I have a question regarding the interpretation of the tsboot call in R. I checked the documentation of both the Kendall and the boot package, but am no smarter than before.
When I run a bootstrap using e.g. the example in the Kendall package, where the test statistic is Kendall's tau:
library(Kendall) # Annual precipitation entire Great Lakes # The Mann-Kendall trend test confirms the upward trend. data(PrecipGL) MannKendall(PrecipGL)
which confirms the upward trend:
tau = 0.265, 2-sided pvalue =0.00029206
The example then continues to use a block bootstrap:
# #Use block bootstrap library(boot) data(PrecipGL) MKtau<-function(z) MannKendall(z)$tau tsboot(PrecipGL, MKtau, R=500, l=5, sim="fixed")

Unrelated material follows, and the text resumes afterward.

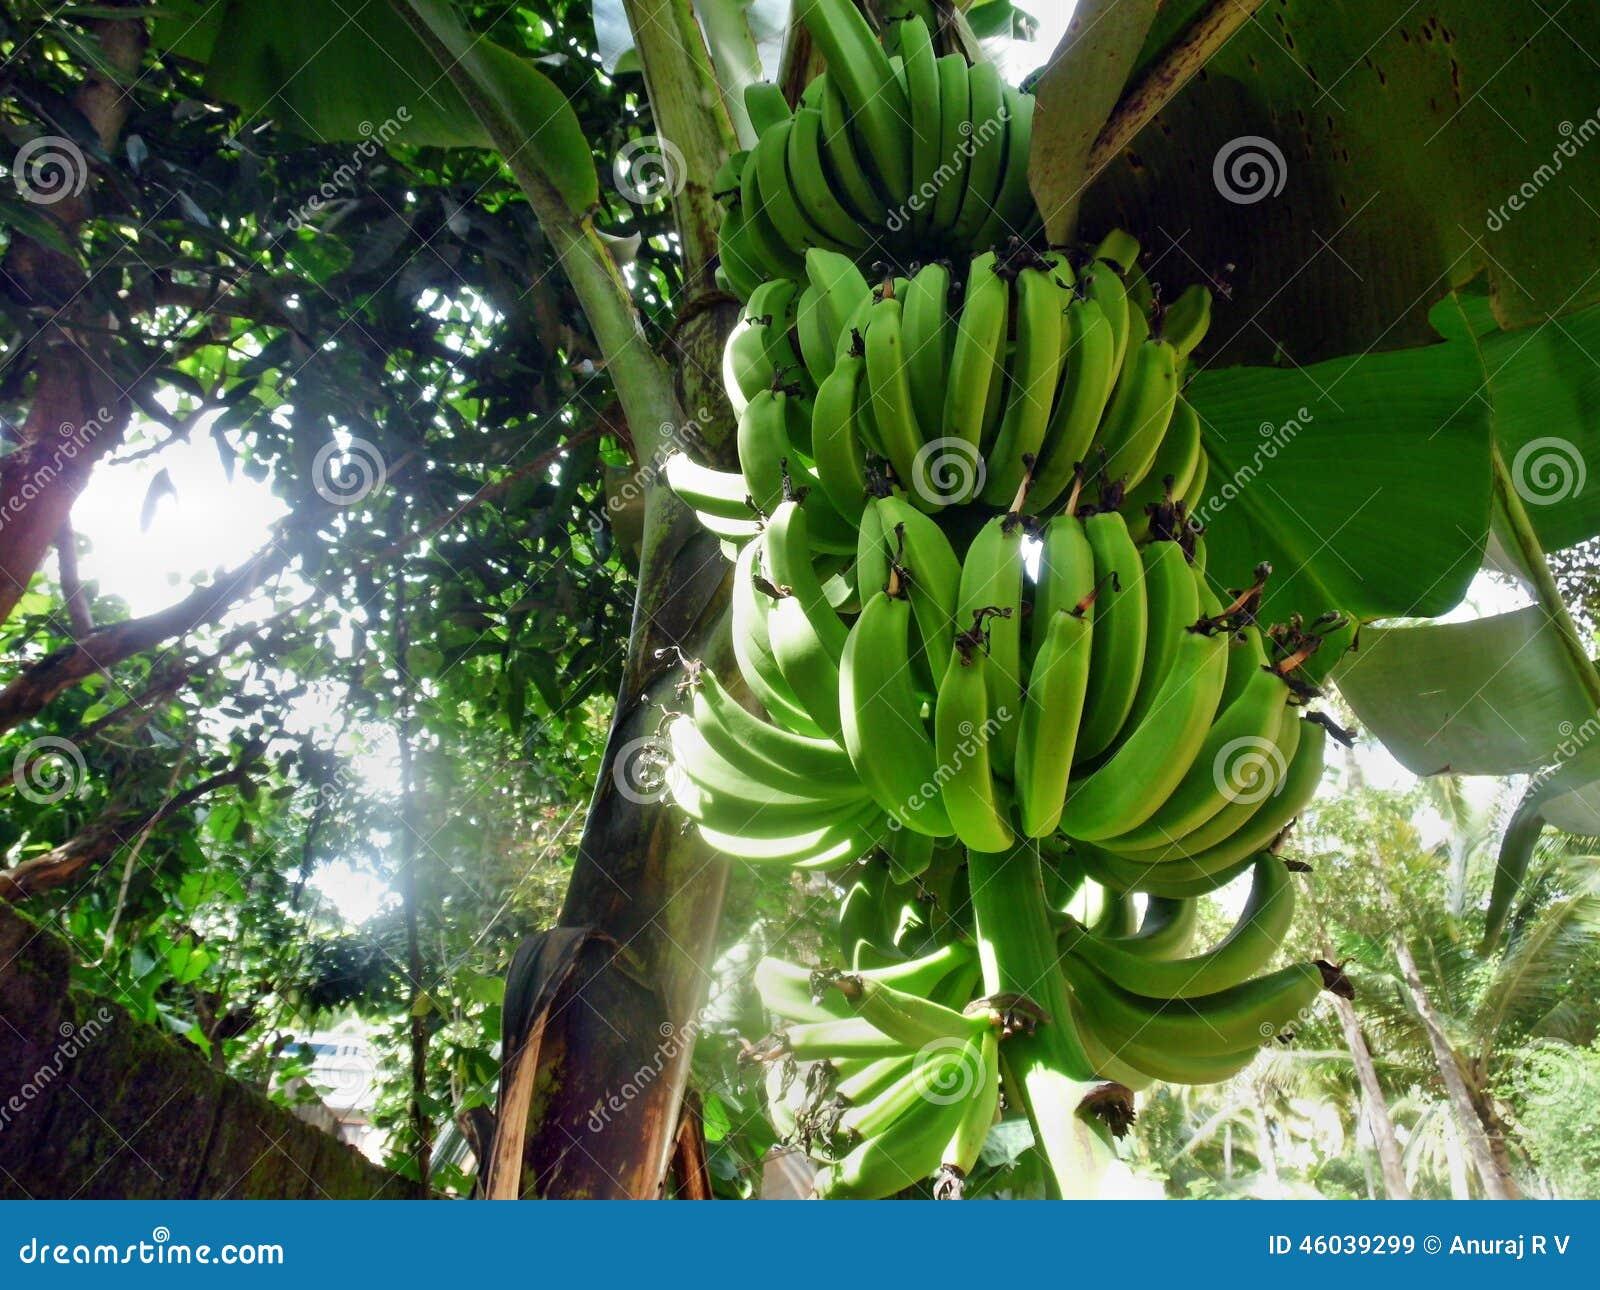 bananenbaum mit frucht stockbild bild von masse ernte 46039299. Black Bedroom Furniture Sets. Home Design Ideas

I receive the following result:
BLOCK BOOTSTRAP FOR TIME SERIES Fixed Block Length of 5 Call: tsboot(tseries = PrecipGL, statistic = MKtau, R = 500, l = 5, sim = "fixed") Bootstrap Statistics : original bias std. error t1* 0.2645801 -0.2670514 0.09270585
If I understand correctly, the "t1* original" is the original MKtau, the "bias" is the mean of the MKtau from the R=500 bootstrapped time series, and the "std. error" is the standard deviation of the MKtaus from the 500 samples.
I have trouble understanding what this means - this basically tells me that all 500 MKTaus are lower than the original, and that the original t1* is in the range of 3 sd of the bootstrapped MKtaus. Ergo it is significantly different?
Or would I say the MKtau for the data set is 0.26 plus/minus standard error?
I'm sorry for the lengthy question, but I am a statistics novice and am learning via self-study, lacking someone to bounce this probably really simple problem back and forth with.